We expect a clear set of steps that will lead us from where we are to where we want to be, but that’s like jumping from point A to point Z. In reality there will be many, many smaller milestones and shifts of direction along the way to our bigger objective.

Instead of focusing on the step you’ll take immediately before you hit that revenue goal or buy that dream home, you need to focus on the step you’ll take right now, in the present moment, to move you forward.

Oprah WinfreyOprah.jpg

I remember listening to an interview with Oprah Winfrey (this was years ago, before everything went straight to YouTube, and though I’ve tried I’ve never been able to track down the exact clip. If you’ve seen it, give me a shout!).

She was asked about whether she ever dreamed she’d be so successful, and her answer was fascinating. She said if anyone had told her when she was young where she’d end up, she might have been paralyzed because it would have seemed so impossible.
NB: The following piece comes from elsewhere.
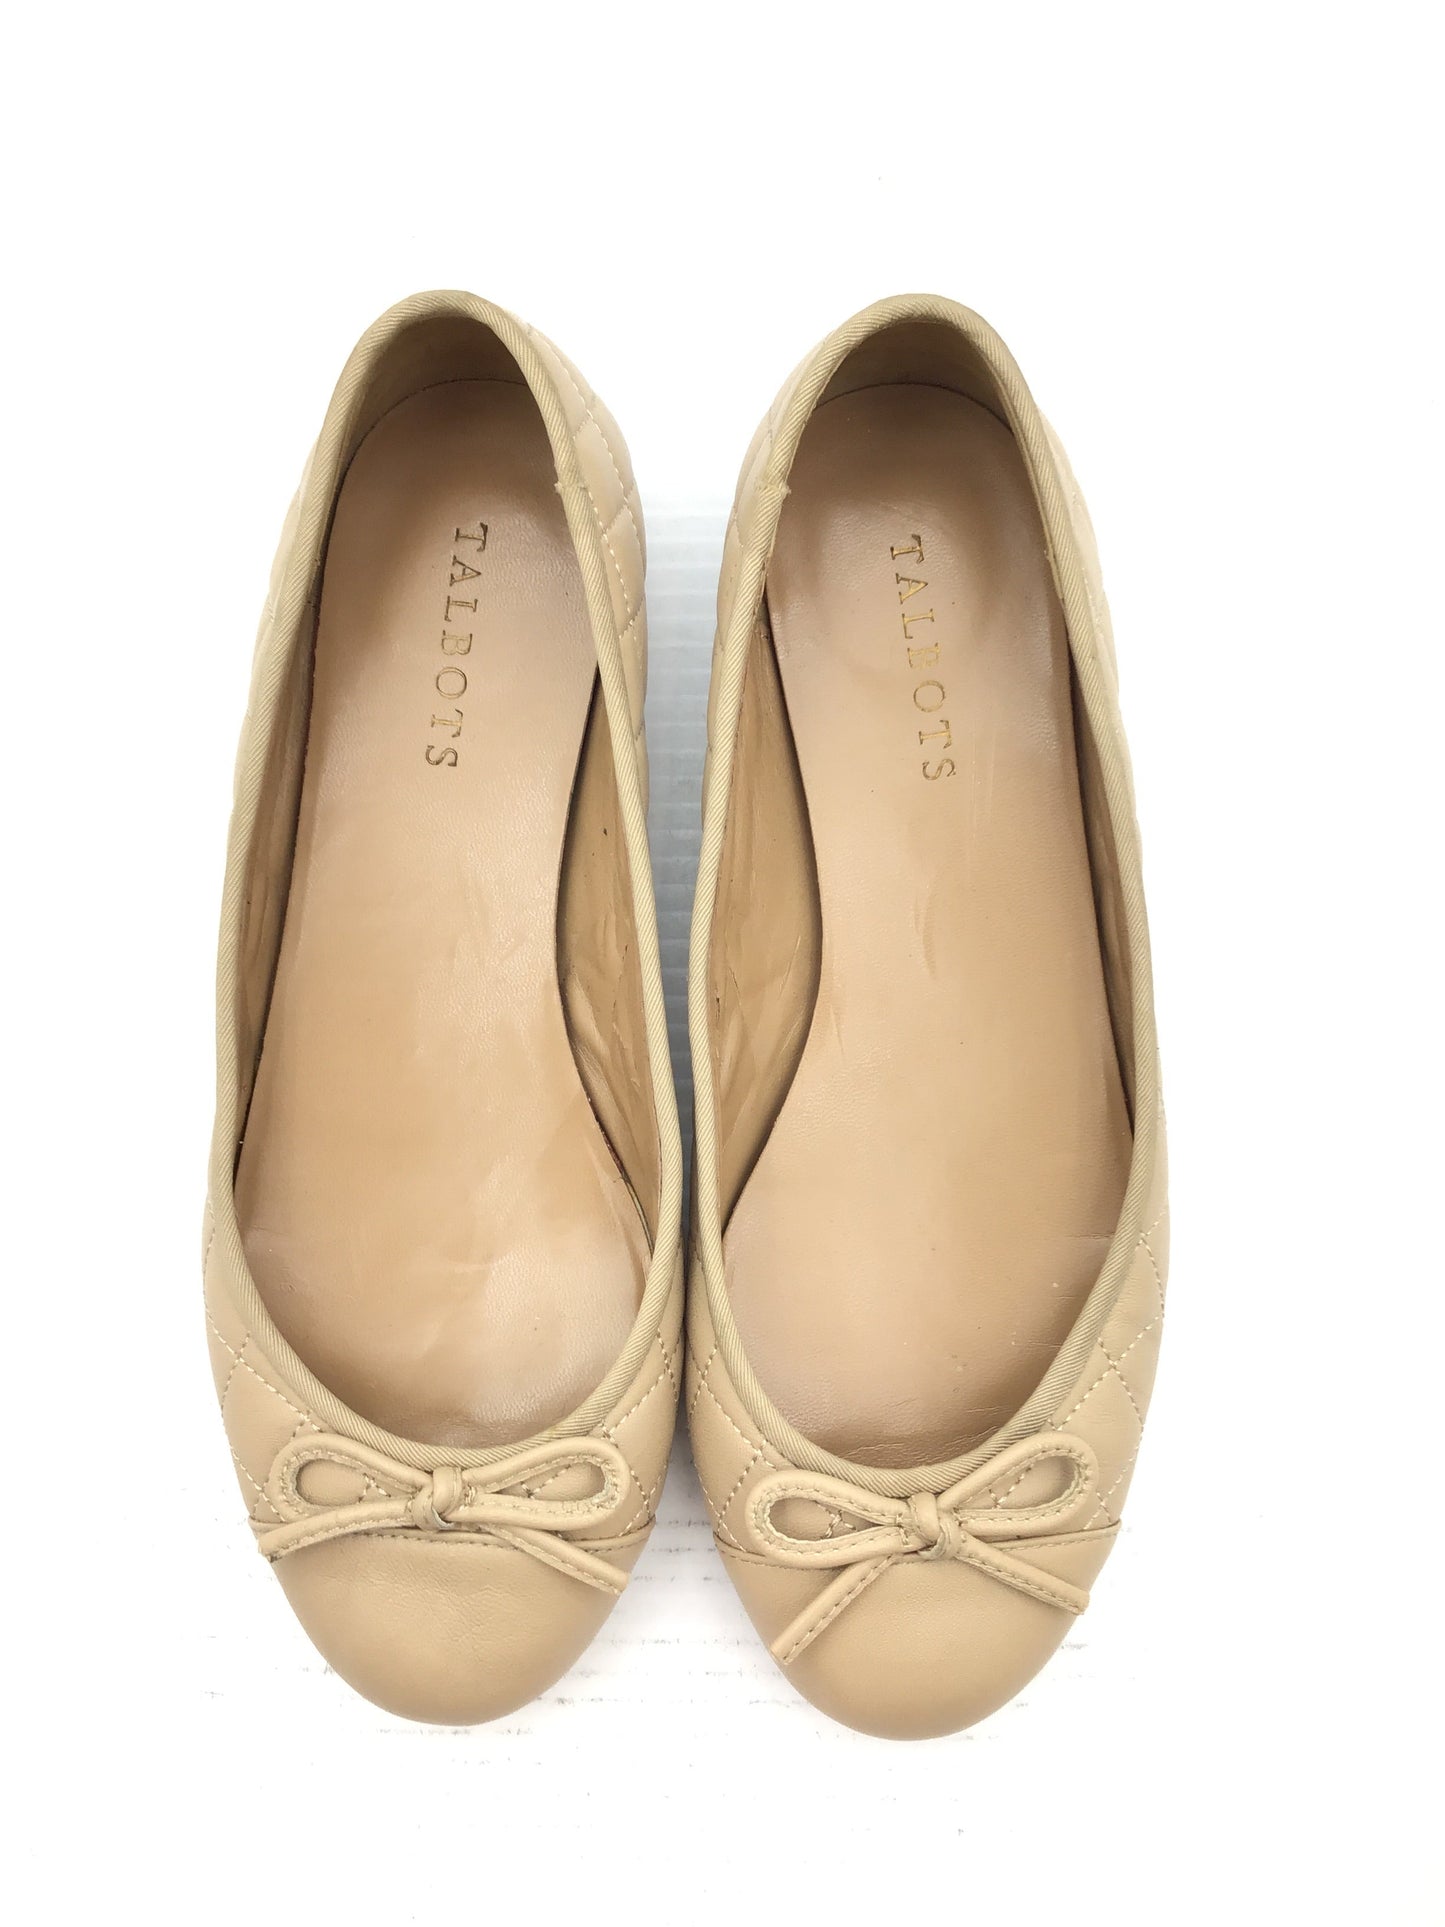 Shoes Flats Ballet By Talbots  Size: 7
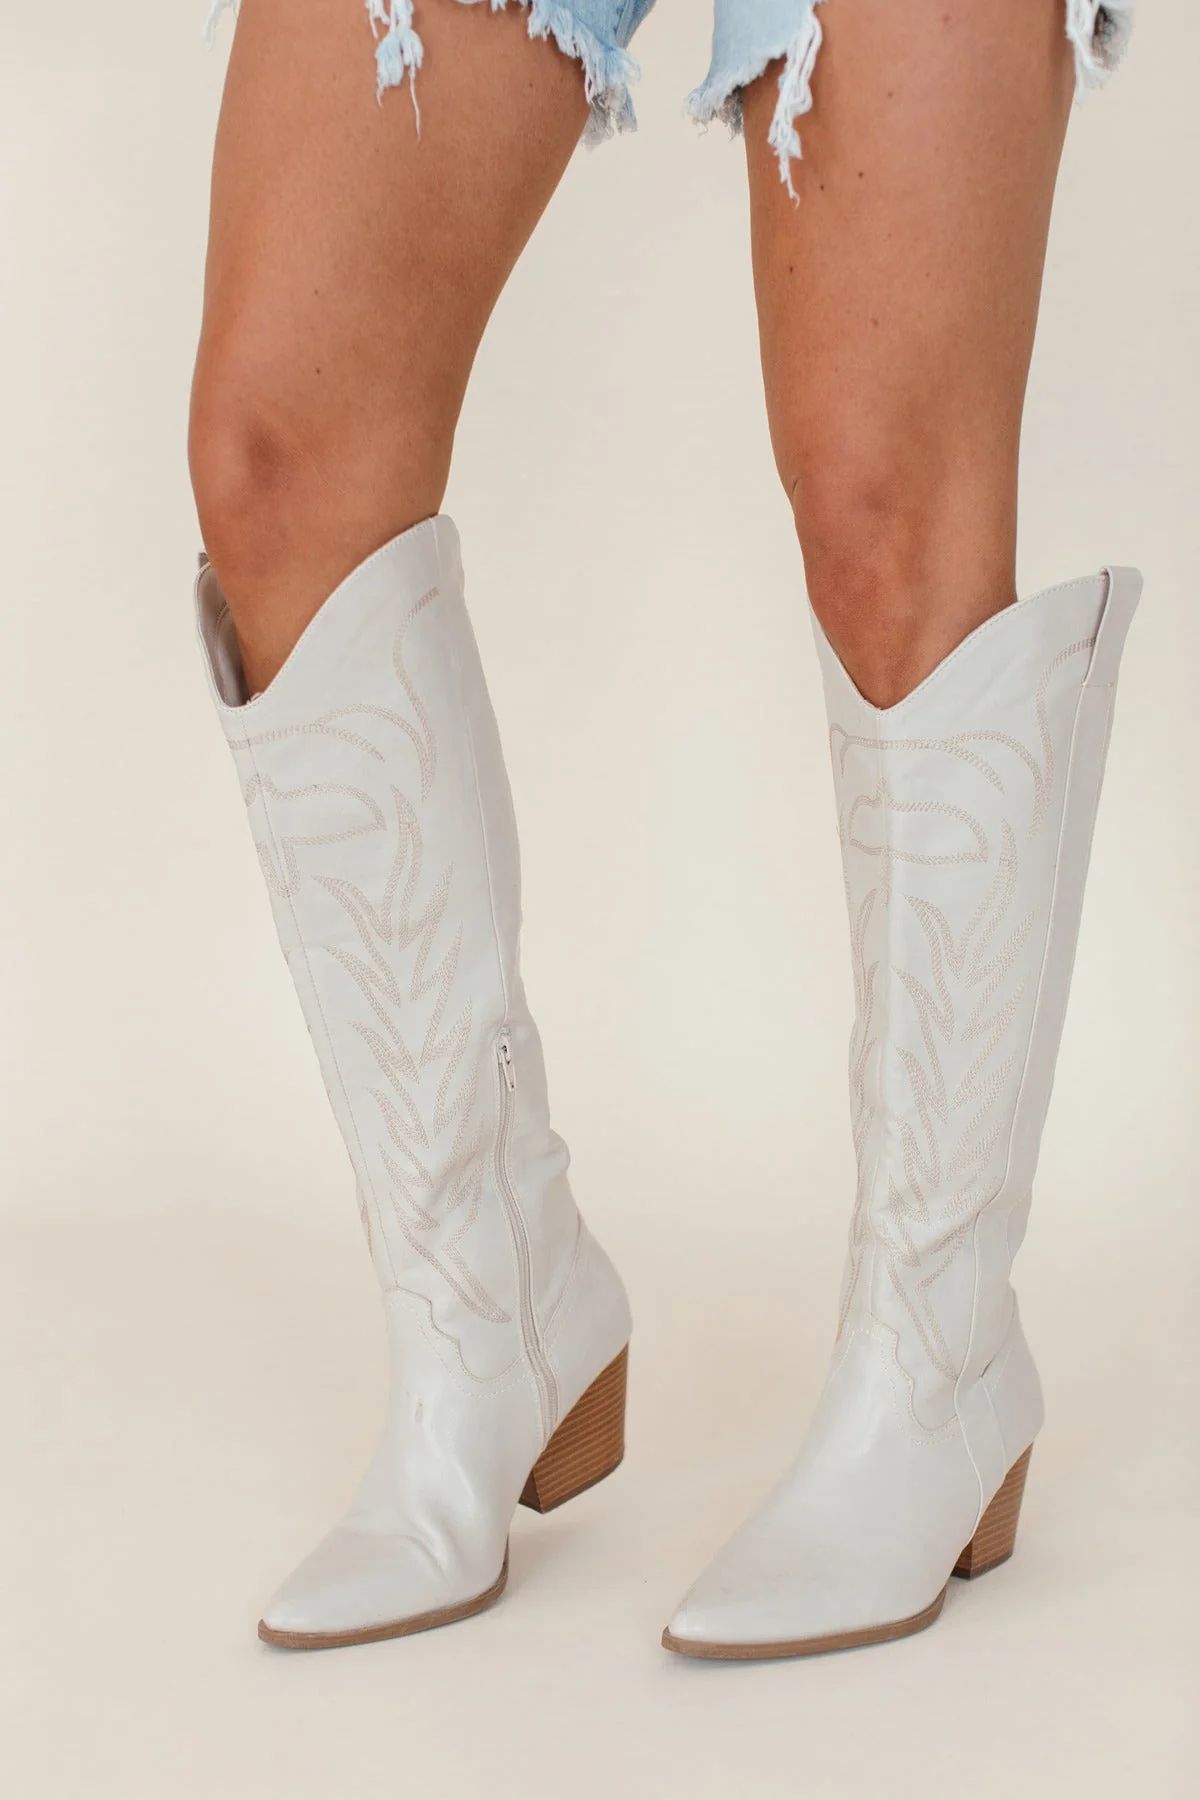 RESTOCK - Postie Western Stone Boots | The Post

As you may know, Winfrey was born into poverty and had an extremely difficult upbringing before starting her career, which also wasn’t without its share of challenges. Had she known she was destined to become one of the wealthiest and most influential women in the world, she might have been too overcome with fear or uncertainty to take the next small step toward her staggering success.

But she didn’t know. She didn’t focus on what she needed to do to become the Oprah Winfrey, household name. She focused on what she needed to do to graduate college. Then to get a job in radio. Then to take her program to television. Then to launch The Oprah Winfrey Show.

See how it works? Every little piece adds up to the greater whole, but if you’re consumed by getting straight to the finish line, you’ll never achieve the smaller victories necessary to make it there—and in fact, you may even limit your own potential.

Playing The Long Game

We should all be playing the long game. That’s what entrepreneurship is at its core, after all. It’s sticking with something you believe in long enough for it to become profitable and scale.

To play the long game and avoid becoming paralyzed by the bigger picture, follow these tips.

Rethink Your To-Do List

Our to-do lists are typically structured by time-sensitivity—things that urgently need to get done today, followed by things that should get done in the next few days, followed by not-so-urgent tasks.

But instead of focusing on how soon something needs to get done, try restructuring your to-do list based on how much impact the task will make in the long run.

That “urgent” email you need to send or conference call you need to have? How much of an impact does it have on the big-picture operation of your business? 80% of the time, probably not much.

Whenever possible, delegate or automate these urgent but non-impactful tasks so more of your time is freed up to focus on projects that actually move your business closer to your long-term goals.

Trust The Process

Hard work yields results. Period. But here’s the spot where a lot of people get hung up: the results might not be what you expected.

This goes back to getting caught up with the outcome—being so focused on the finish line that you forget to put one foot in front of the other.

When you’re busy taking steps to improve your business, new avenues open up. Relationships develop. Opportunities unfold. Things you couldn’t have factored into your plan suddenly come your way, and some of them will contribute to your success.

To take advantage of these things, you can’t plan every little detail of your path toward achieving your goals. You need to have faith in the process.

Take The Next Best Step

Don’t stop moving forward.

Just as a wise investor holds steady through times of market turmoil, the wise entrepreneur doesn’t waver or bail out during the ups and downs of running a business. He knows and expects that they’ll be there, and holds steady taking the next best step for his business even after a setback.

When you face a challenge, stop despairing over how it’ll affect you ten years from now (chances are, it won’t). Instead, focus on what you can do to overcome it today.